-- Supplied material follows --
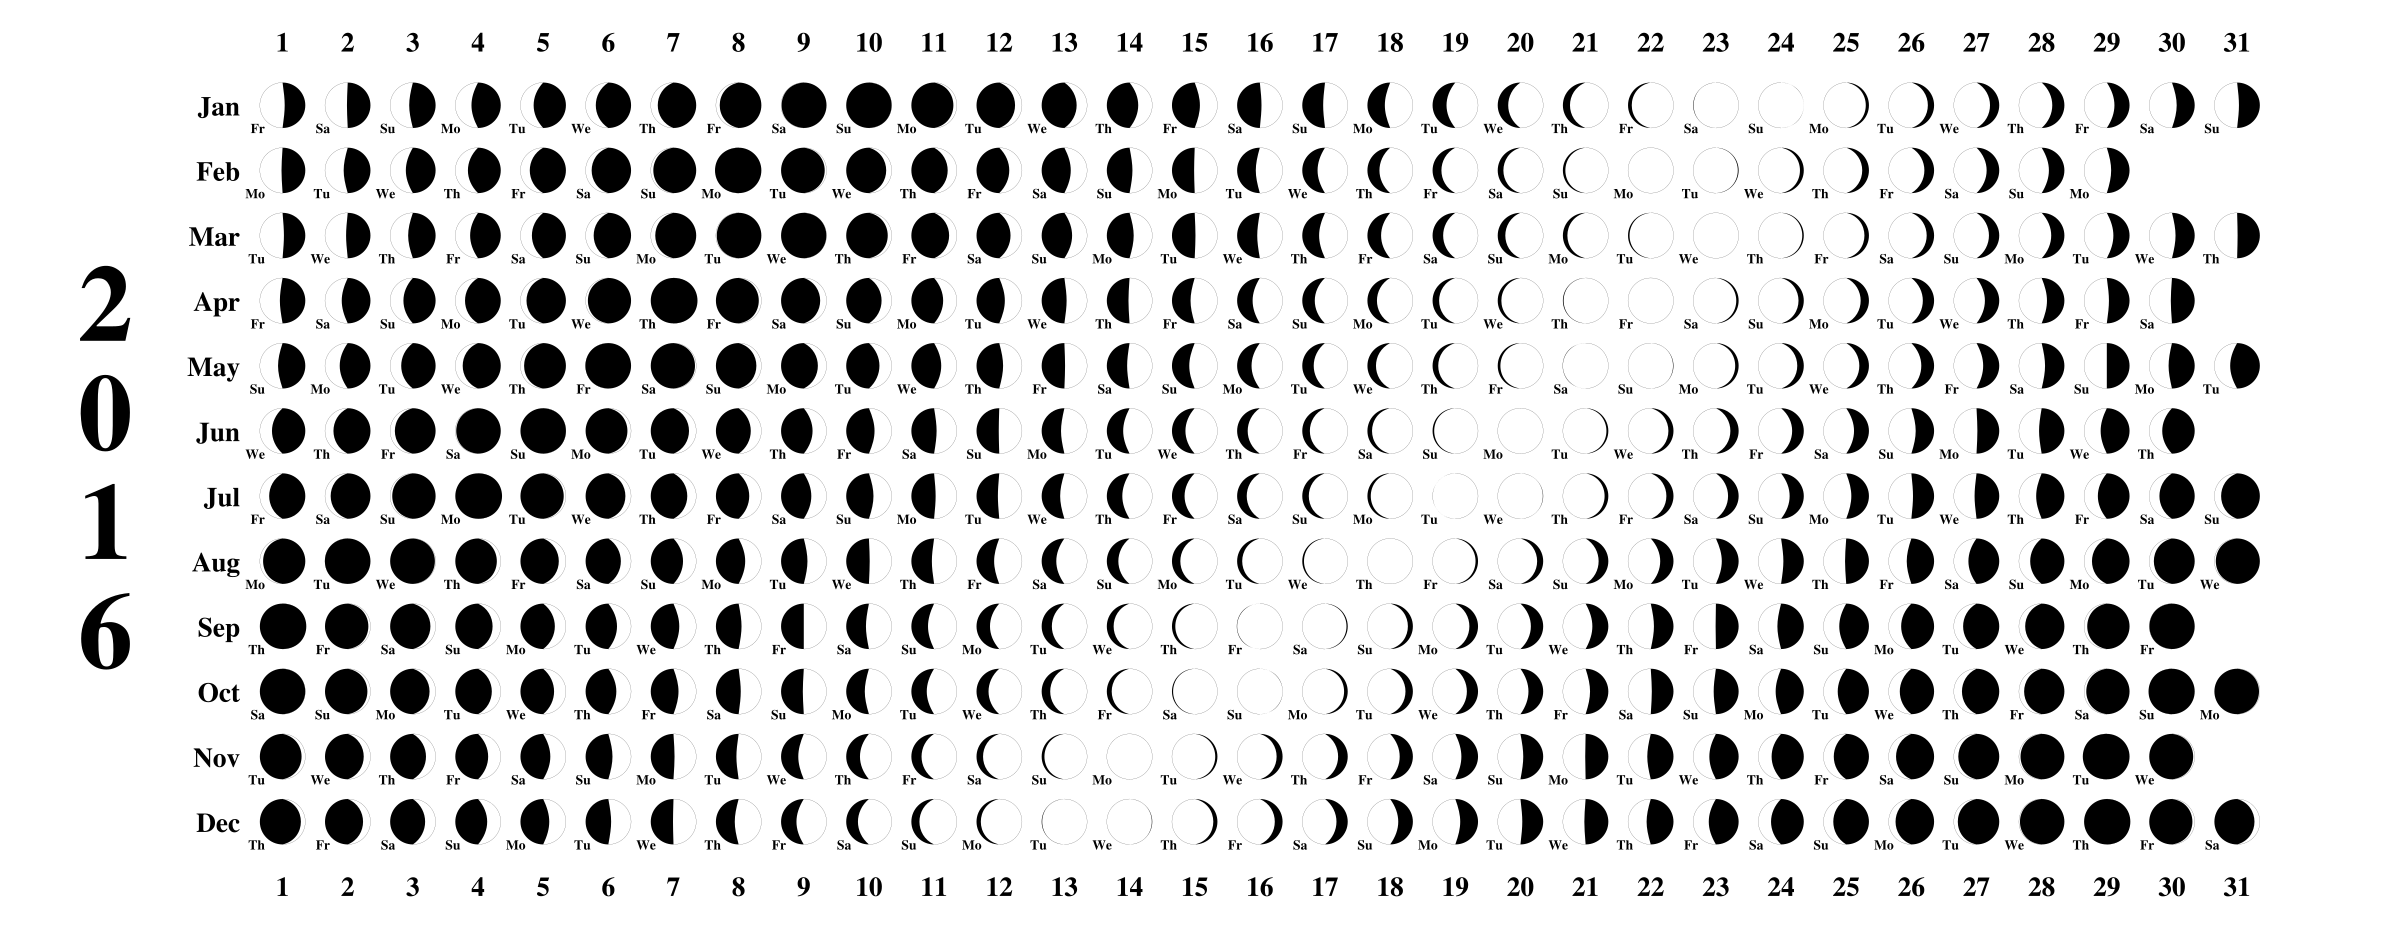 Moon Phases Calendar 2016, moon schedule calendar 2016, moon schedule 2016 Yearly calendar, moon schedule 2016 Yearly calendar
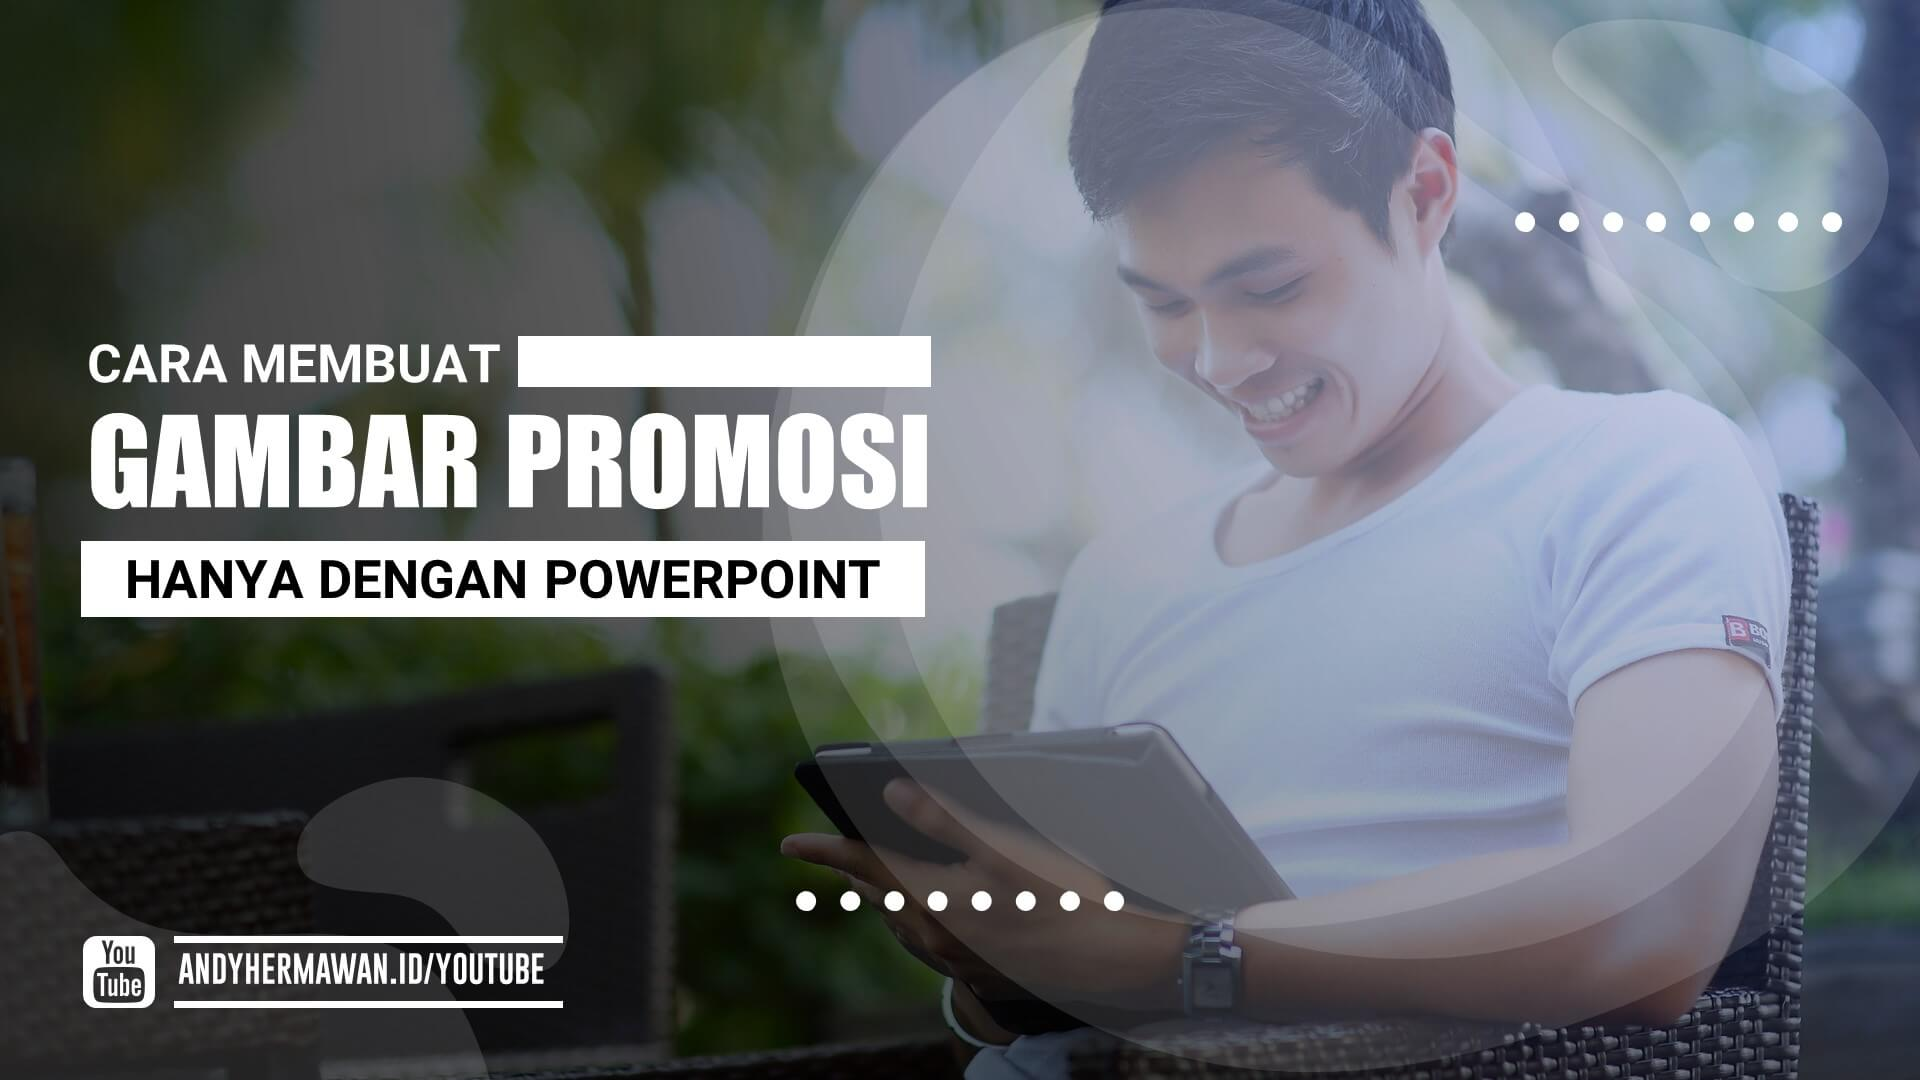 Cara Membuat Gambar Promosi Iklan Dengan Powerpoint Panduan
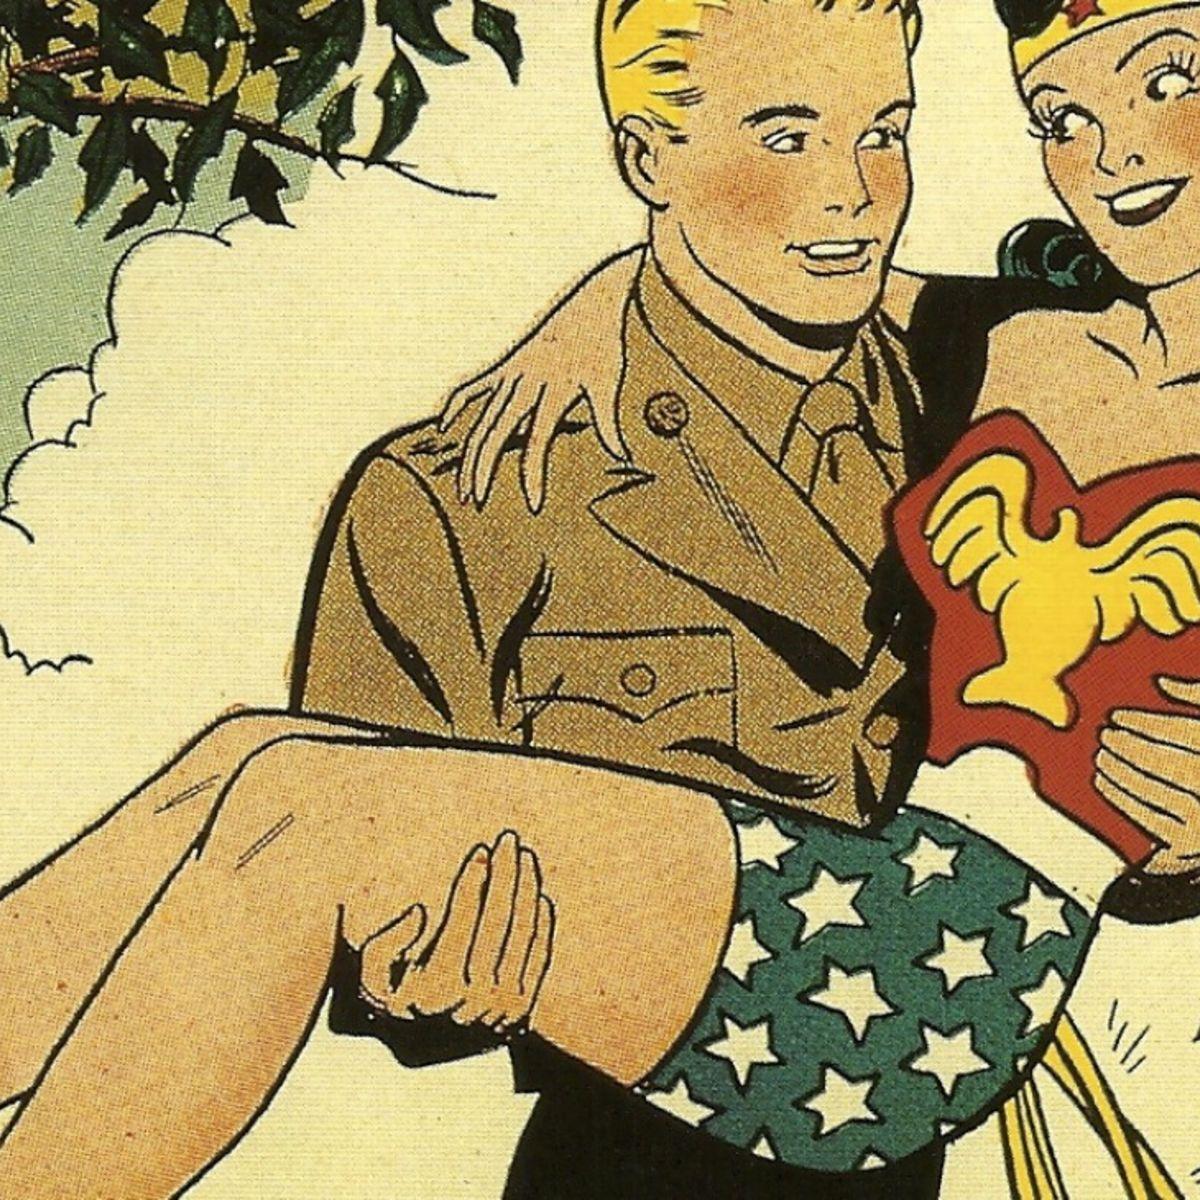 Wonder-Woman-comic-period.jpg
-- Supplied material concluded --
* [Exercise details] Retype all of the material above precisely as it reads. Pictures are not part of the copy.

* [Result below]
 Moon Phases Calendar 2016, moon schedule calendar 2016, moon schedule 2016 Yearly calendar, moon schedule 2016 Yearly calendar
 Cara Membuat Gambar Promosi Iklan Dengan Powerpoint Panduan
 Wonder-Woman-comic-period.jpg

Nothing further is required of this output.